The press release from the Walworth County Sheriff's Department recommends wearing helmets and other protective gear when riding a bike.

"Wisconsin laws do not require you to wear a helmet, but it still is highly recommended," the release states. "It is the single most effective tool a motorcyclist has to protect themselves from brain injury or death on the roadway. Padded reflective clothing is highly recommended. Wearing highly reflective clothes will increase the chance of others seeing you while your ride."

However, despite the warnings there is some disagreement on how much a helmet will help. ABATE of Wisconsin is an organization that actively opposes mandatory helmet and seatbelt laws.

Sigmund said his personal view on helmets is that they won't do much in a major accident.

"The only thing its going to do is have you have an open casket," Sigmund said. "You have no protection if a car is going to turn in front of you, or come at you head on.

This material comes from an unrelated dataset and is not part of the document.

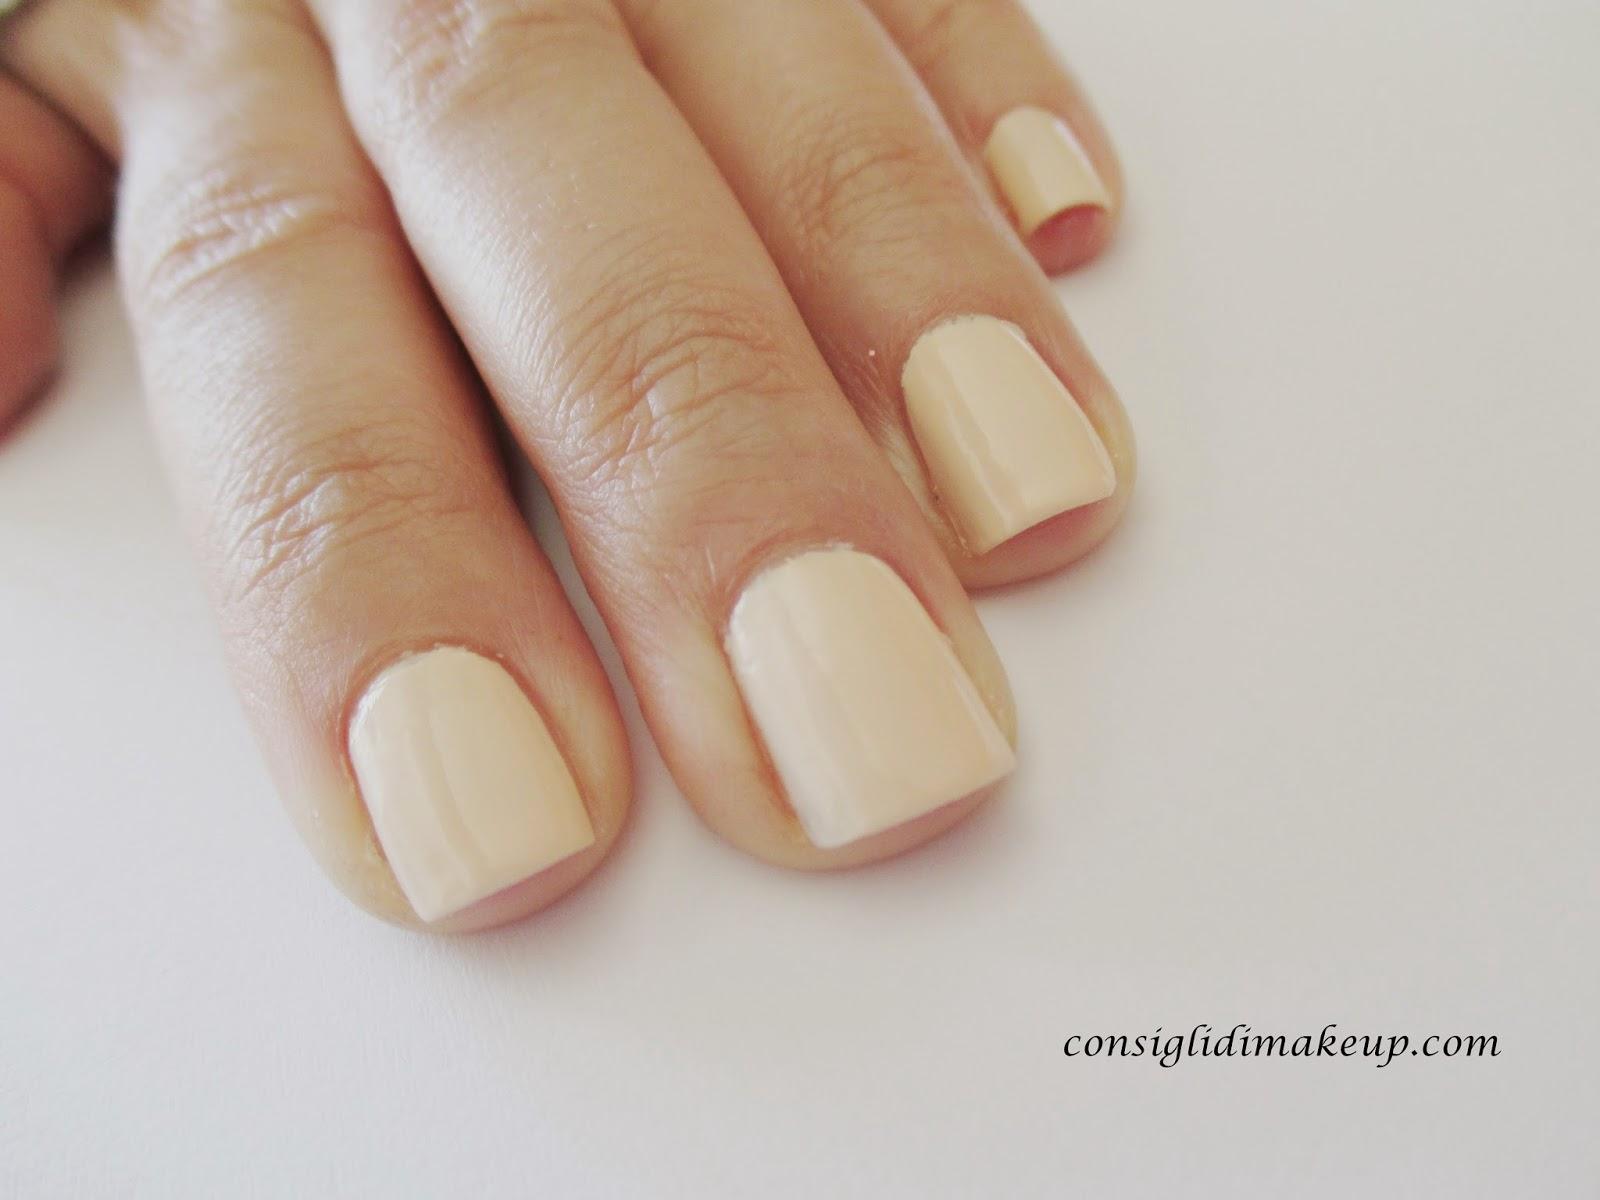 nail art semplice senza

It's your body versus metal and a helmet."

Sigmund said he wears a helmet in the states that require it, but otherwise doesn't.

Strohm said he doesn't always wear a helmet, but said he thinks they provide additional safety for bikers.

Despite the dangers and the recent spike in deaths in Walworth County, Strohm said he wouldn't give up biking for anything.

"I love to ride, I ride a few thousand miles a year. It is a great thrill, every place I have been to on my motorcycle I have been in a car," Strohm said. "It is just so much different on a bike, you are living the experience as opposed to looking out the window of a car," Strohm said. "I can't describe the feeling unless you do it. In the last five years I have taken Route 66 with various people out to California and then come back through the mountains and the Rockies. There is no greater experience than riding a motorcycle through the desert and then going through the Rocky Mountains when there is snow on the ground or the side of the road. It is just a tremendous experience, and it is not the same experience in a car, I don't feel."